Think about it as growth strategy as well, not just another feature. But indeed, widget feature is must for almost every WP plugin.
Growth of user base and adding new features is fine, but I’m developing Relevanssi alone, which means there is no time to add each new feature, and at some point getting new users is not a good thing, as more users means more time spent doing customer support and less time spent developing the plugin.
Thanks for your feedback, though. It is welcome and appreciated, even if it doesn’t automatically lead to new features. These are complicated features you’re asking for here, and building them will take months in the best case (there’s the already-existing related searches feature, yes, but adding it to a widget requires thinking about performance issues, for example ).
By the way – if there’s a related searches widget, what should it show when it’s displayed on a page that is not a search page? WordPress doesn’t have a built-in method of displaying widgets on just one particular page, so what would a related searches widget show on a non-search page? Any suggestions?
Well, you need to scale your business. That is the obstacle for everyone. Scalling is process involving and training more people and automation, etc.
If Relevanssi is one of your main business, you should invest in it, so it can return 10x, 100x.
For example, maybe relevanssi integrate with Sphinx which allow to even better search, with more performance and for the larger sites. Since you stated that it’s getting slow with 30k + posts.

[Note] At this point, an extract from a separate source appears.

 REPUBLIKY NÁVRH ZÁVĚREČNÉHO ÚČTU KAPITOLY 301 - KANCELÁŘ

Answer on your question is simple. You can show most popular searches or latest searches. Or even autohide on non-search pages.
The large-scale searching is a field I’ll leave to others. There are many superior products there already – there’s no way one man can compete with products like Solr, Elastic, Swiftype, Addsearch, Algolia or Lucidworks Site Search.

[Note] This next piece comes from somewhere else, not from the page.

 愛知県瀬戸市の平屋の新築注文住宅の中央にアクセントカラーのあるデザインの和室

It’s also a question of being true to one’s values and doing what gives one pleasure. For me, that’s puzzling out code problems and helping people, not managing a business or getting rich.

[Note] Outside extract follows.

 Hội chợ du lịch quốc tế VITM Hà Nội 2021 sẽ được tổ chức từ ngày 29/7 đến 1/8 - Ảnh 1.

It’s not one man job for sure.
Anyway, I understand your vision and was very plesant suprised for how long you are responding to comments and dedicated you are.
Relevanssi is great plugin. Seems his role is to replace default WP search and provide better experience.
The related searches function is returning a double urlencoded URL and encoded title.
search_query = “Microsoft Teams”
Related searches returns:
microsoft%20teams
I tried replicating this problem but couldn’t. One possible explanation is that the query is stored encoded in the database. Is that possible? As you can see from the
relevanssi_related()
function, the query is retrieved from the database, and the URL is passed throughrawurlencode()
, and the title goes throughesc_attr()
. That’s just single encoding, but if the query is already encoded in the database, that would cause a double encoding.